Hematopoietic Cell Transplantation Provides an Immune-tolerant Platform for Myoblast Transplantation in Dystrophic Dogs

Program in Transplantation Biology, Clinical Research Division, Fred Hutchinson Cancer Research Center, Seattle, Washington 98109-1024, USA.
Molecular Therapy (Impact Factor: 6.23). 08/2008; 16(7):1340-6. DOI: 10.1038/mt.2008.102
Source: PubMed

ABSTRACT Duchenne Muscular Dystrophy (DMD) is the most common and severe form of muscular dystrophy in humans. The goal of myogenic stem cell transplant therapy for DMD is to increase dystrophin expression in existing muscle fibers and to provide a source of stem cells for future muscle generation. Although syngeneic myogenic stem cell transplants have been successful in mice, allogeneic transplants of myogenic stem cells were ineffective in several human trials.

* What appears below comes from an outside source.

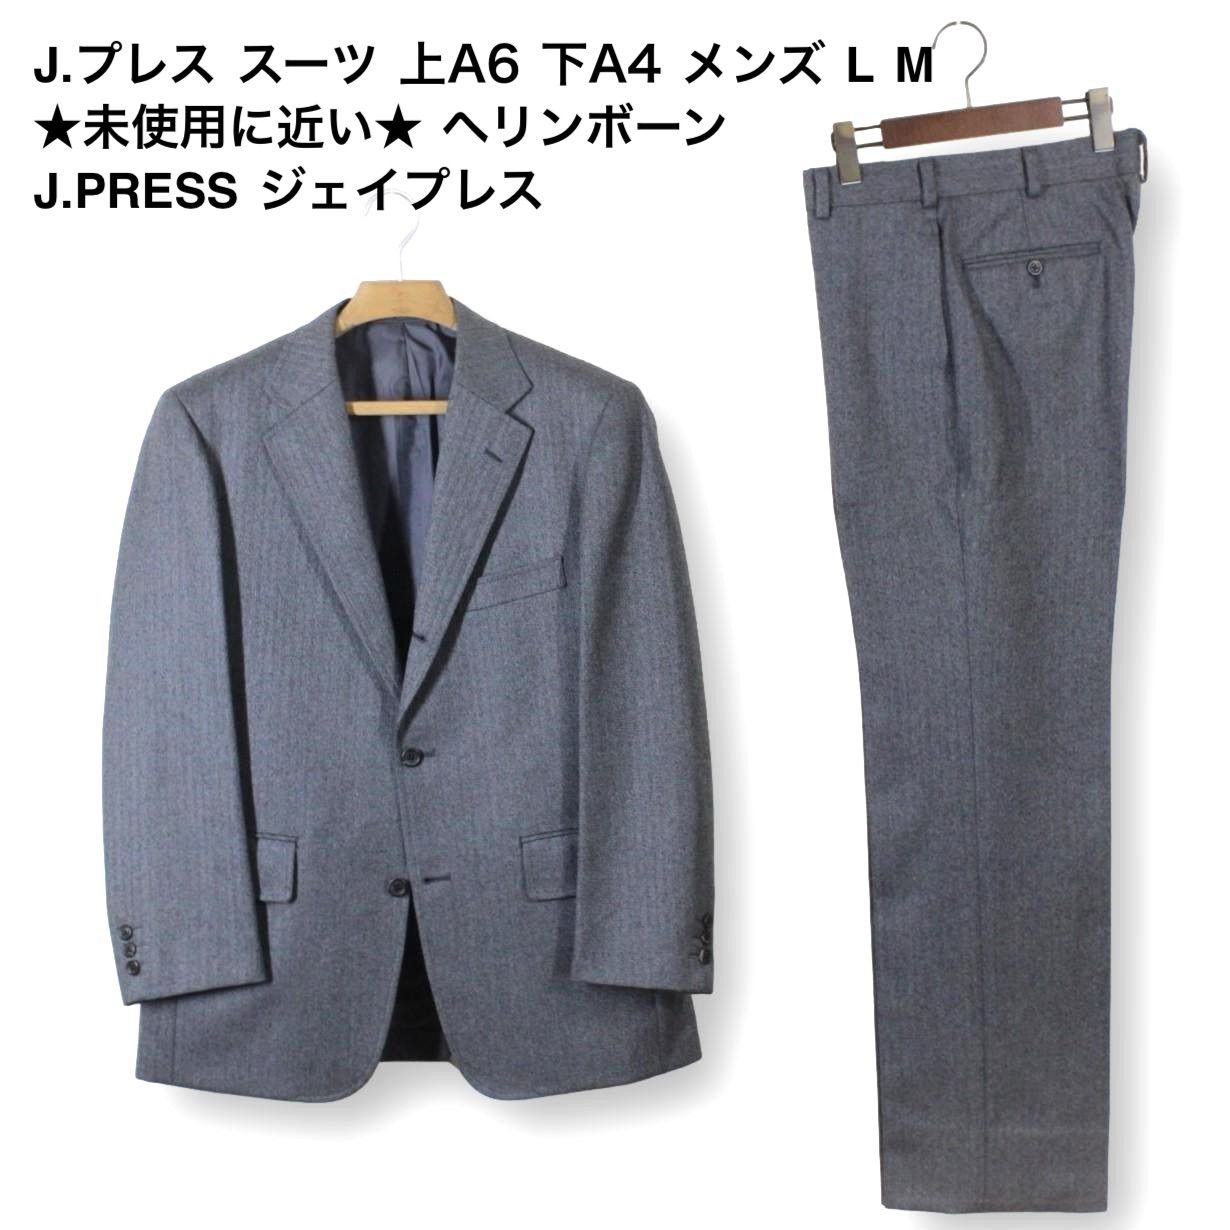 メンズ スーツ ダブル J.PRESS ジェイプレス 92-78-170 美品

To determine whether allogeneic muscle progenitor cells can be successfully transplanted in an immune-tolerant recipient, we induced immune tolerance in two DMD-affected (cxmd) dogs through hematopoietic cell transplantation (HCT). Injection of freshly isolated muscle-derived cells from the HCT donor into either fully or partially chimeric xmd recipients restored dystrophin expression up to 6.48% of wild-type levels, reduced the number of centrally located nuclei, and improved muscle structure. Dystrophin expression was maintained for at least 24 weeks. Taken together, these data indicate that immune tolerance to donor myoblasts provides an important platform from which to further improve myoblast transplantation, with the goal of restoring dystrophin expression to patients with DMD.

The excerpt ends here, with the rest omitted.